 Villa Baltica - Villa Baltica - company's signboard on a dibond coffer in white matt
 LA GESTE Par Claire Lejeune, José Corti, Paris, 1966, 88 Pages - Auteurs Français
..............................
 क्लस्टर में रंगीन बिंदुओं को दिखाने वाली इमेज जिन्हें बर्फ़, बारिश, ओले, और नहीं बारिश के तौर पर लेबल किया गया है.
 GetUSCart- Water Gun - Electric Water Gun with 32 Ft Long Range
..............................
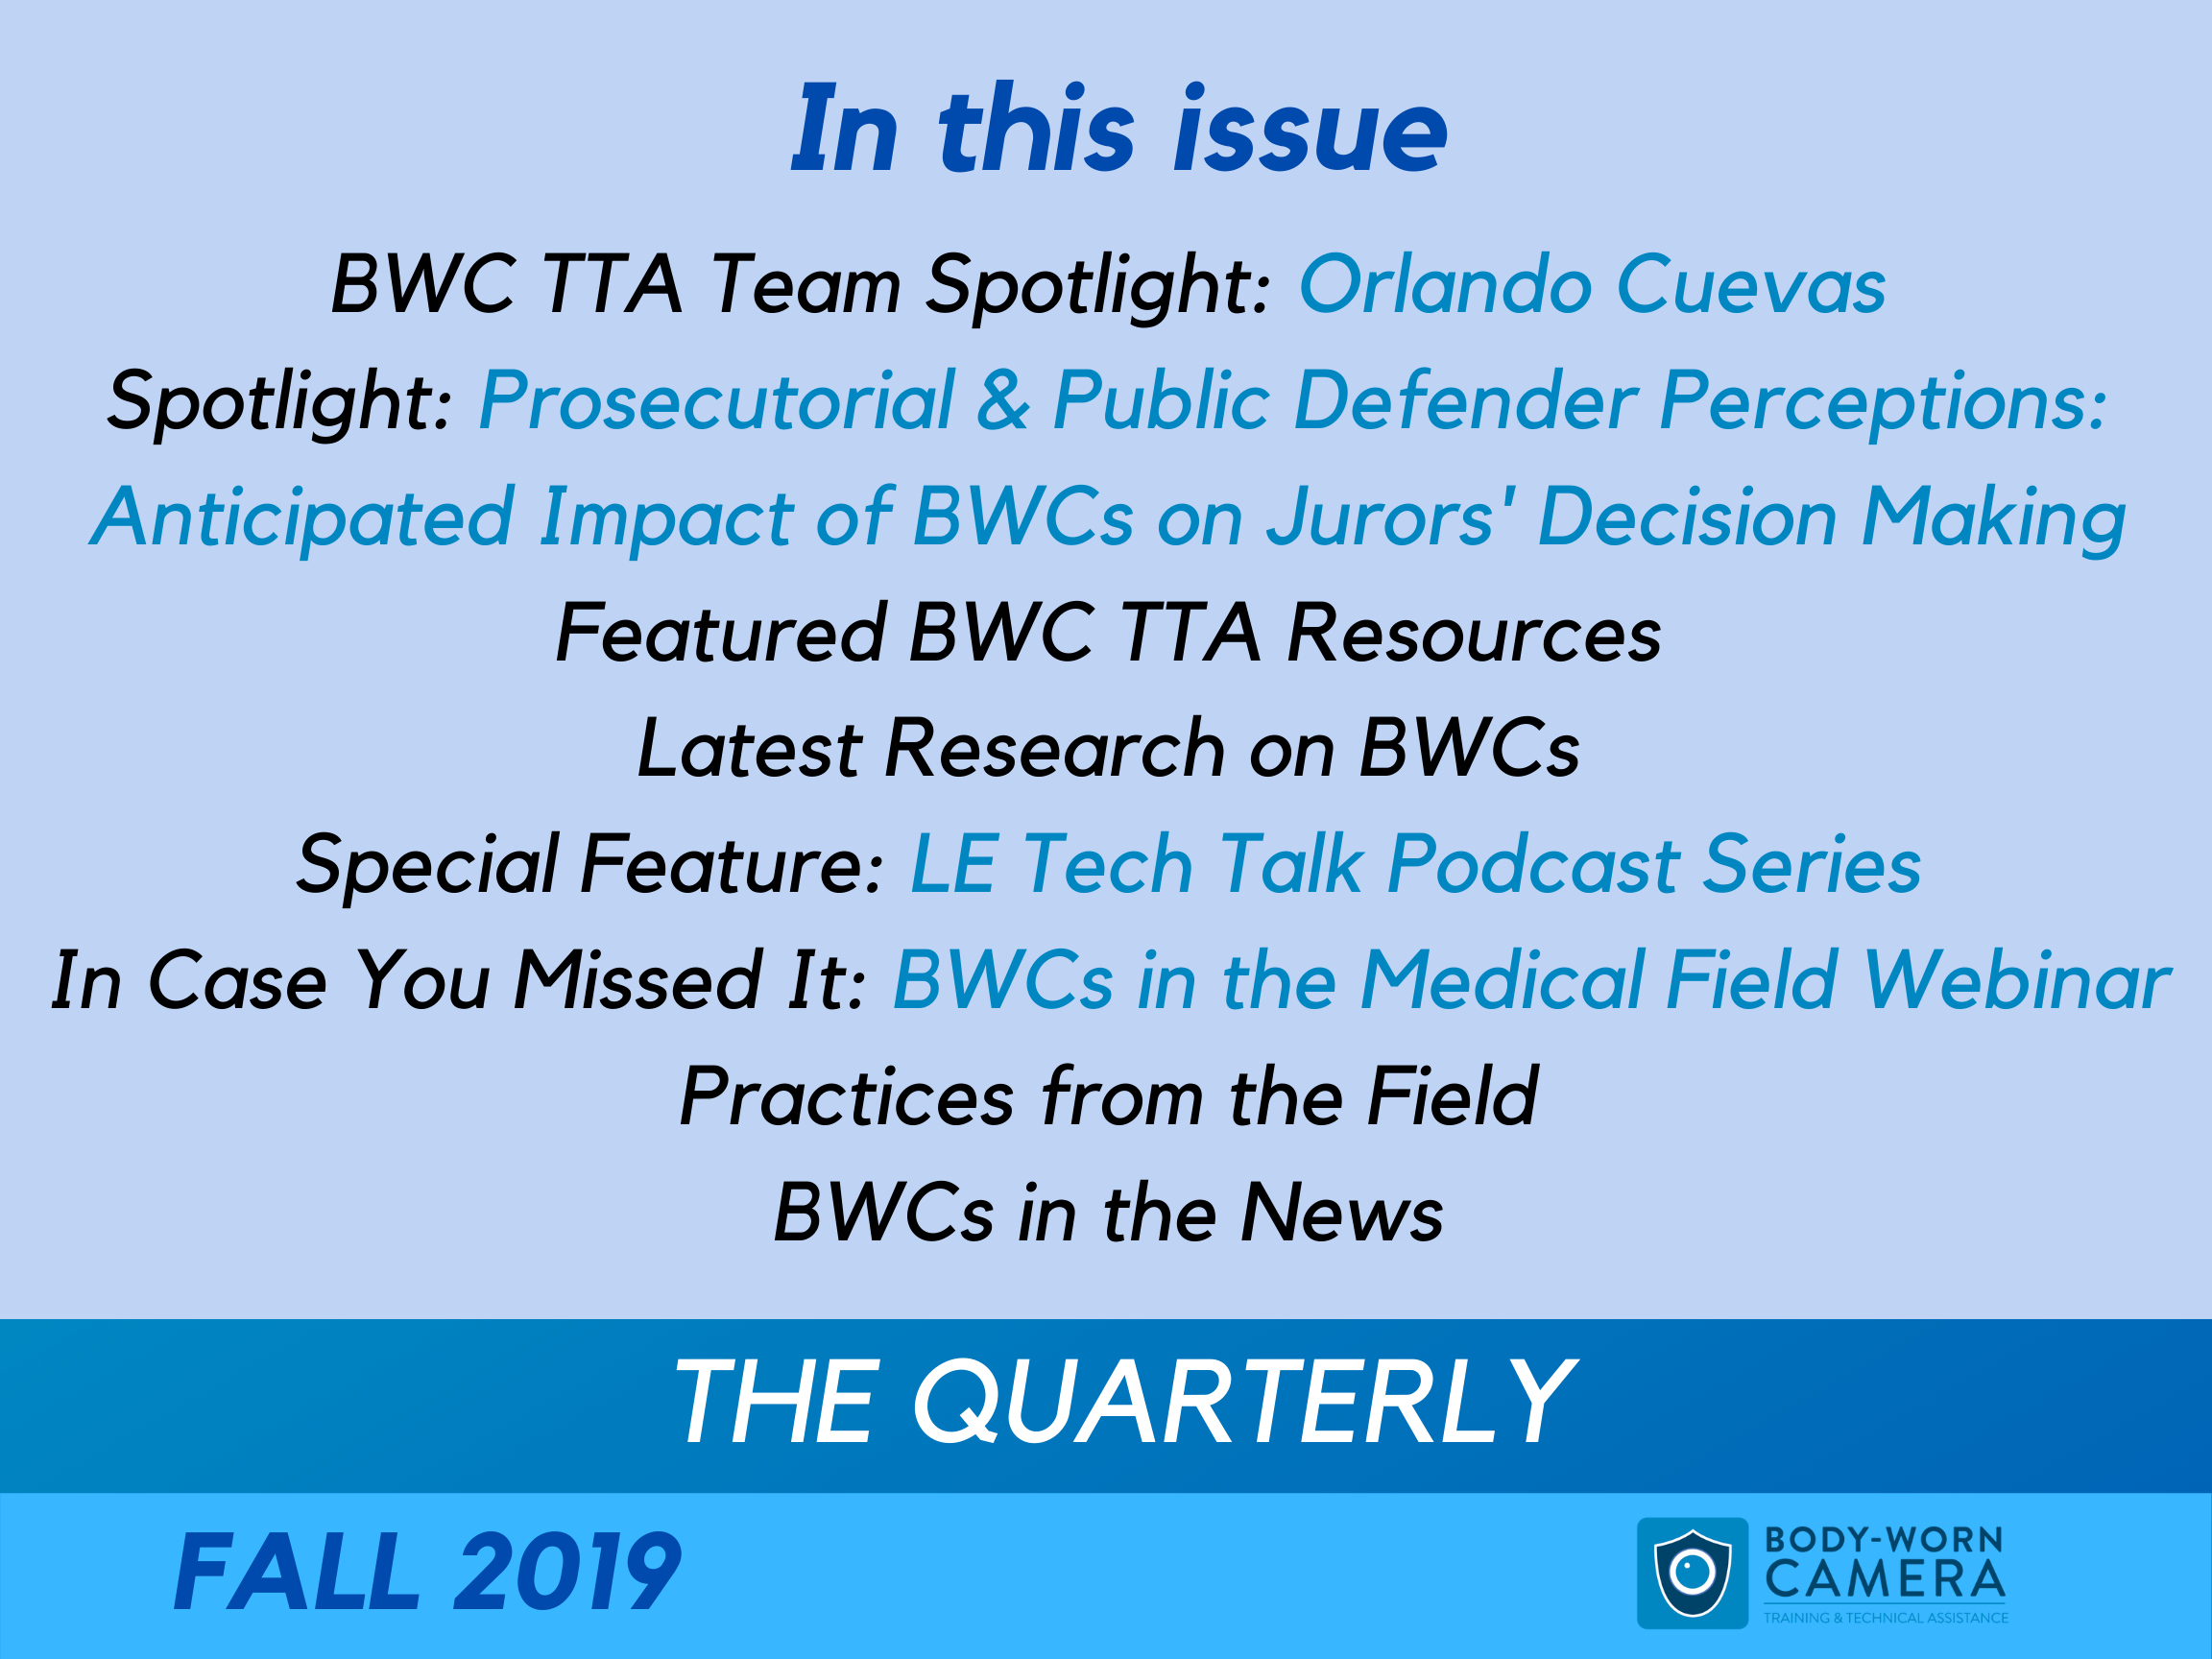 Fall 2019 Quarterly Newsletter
..............................
WHAT TO DO
For the material above, reproduce exactly the lines from the line with "क्लस्टर में रंगीन" to the line with "GetUSCart- Water Gun", inclusive, and exclude all others.

RESPONSE
 क्लस्टर में रंगीन बिंदुओं को दिखाने वाली इमेज जिन्हें बर्फ़, बारिश, ओले, और नहीं बारिश के तौर पर लेबल किया गया है.
 GetUSCart- Water Gun - Electric Water Gun with 32 Ft Long Range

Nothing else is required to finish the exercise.